Segment Start: Records for processing

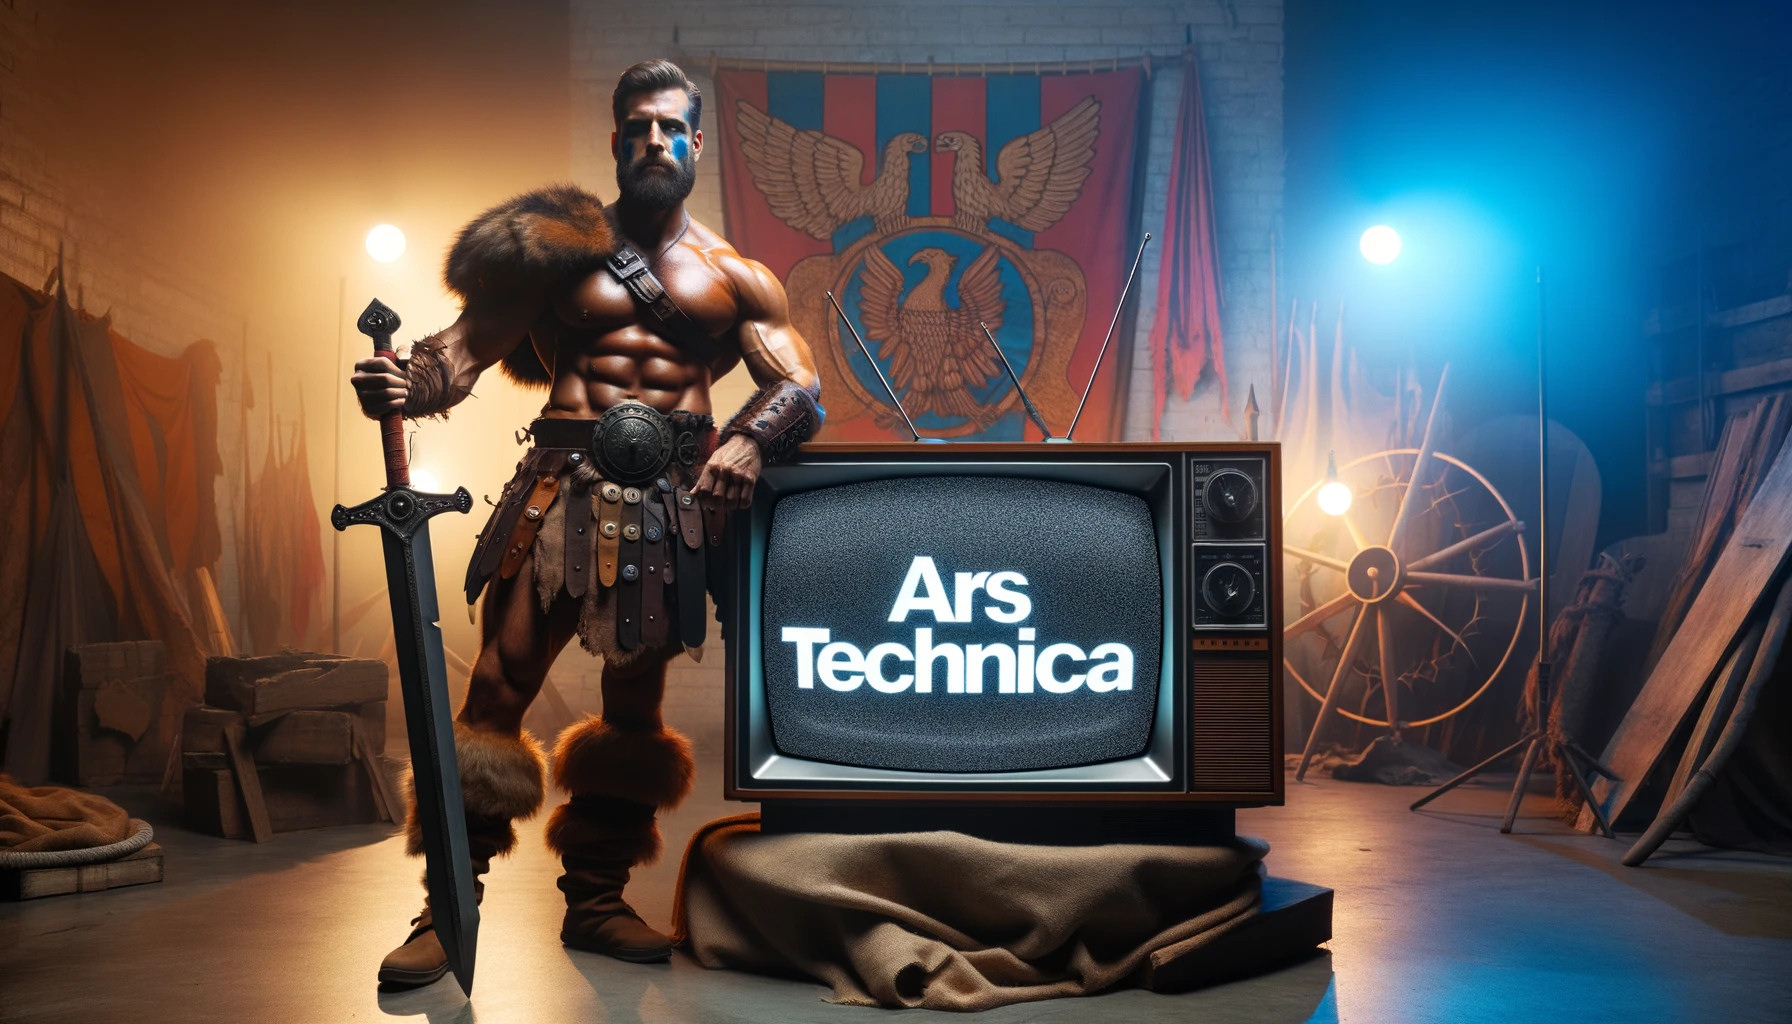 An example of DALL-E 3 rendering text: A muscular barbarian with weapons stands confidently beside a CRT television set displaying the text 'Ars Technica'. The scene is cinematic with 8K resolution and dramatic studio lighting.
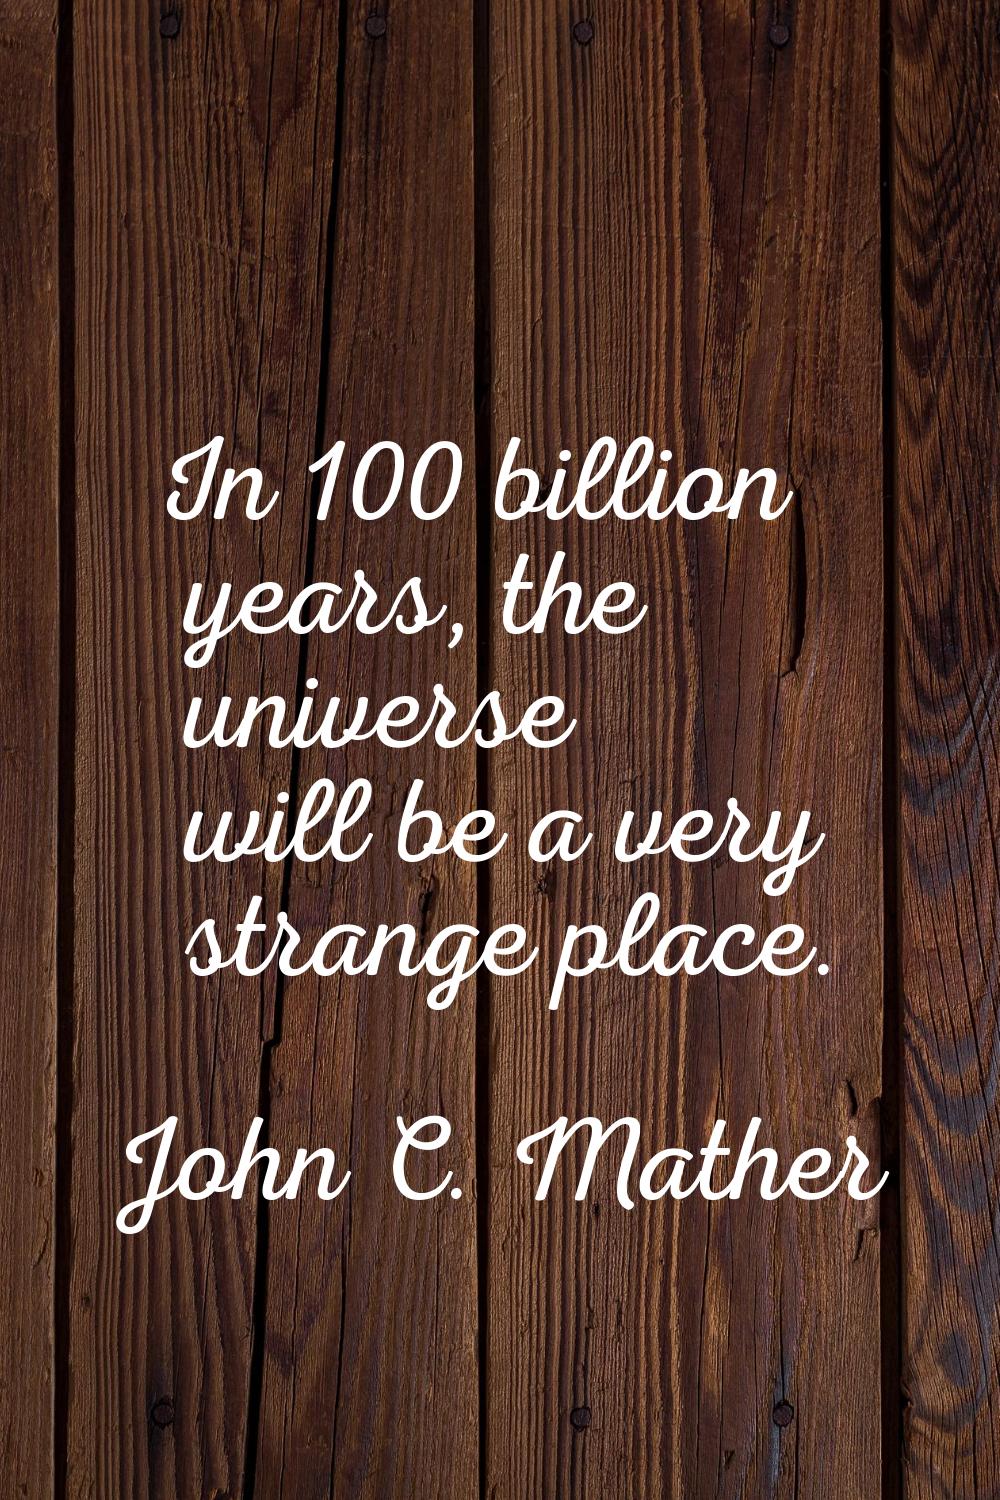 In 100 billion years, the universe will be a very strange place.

Segment End: Records for processing
Segment Start: Records for processing

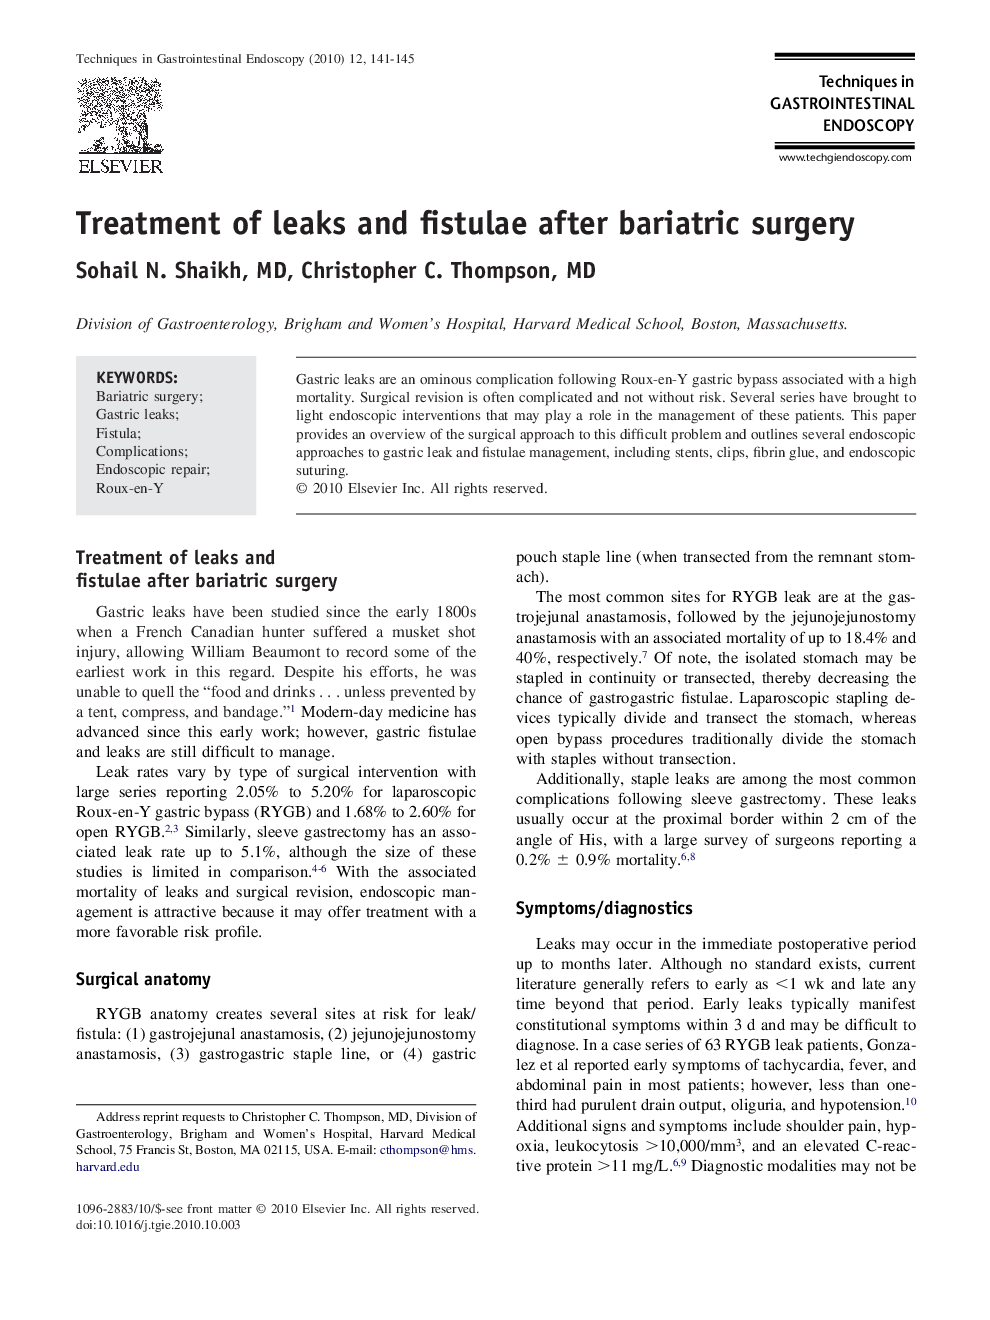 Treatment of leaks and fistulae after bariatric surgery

Segment End: Records for processing

◆ **Aim of the exercise**: Above are the records; please give again, exactly and in full, only the lines that run from the line with "An example of" through the line with "In 100 billion", with no pictures.

◆ **The answer**:
 An example of DALL-E 3 rendering text: A muscular barbarian with weapons stands confidently beside a CRT television set displaying the text 'Ars Technica'. The scene is cinematic with 8K resolution and dramatic studio lighting.
 In 100 billion years, the universe will be a very strange place.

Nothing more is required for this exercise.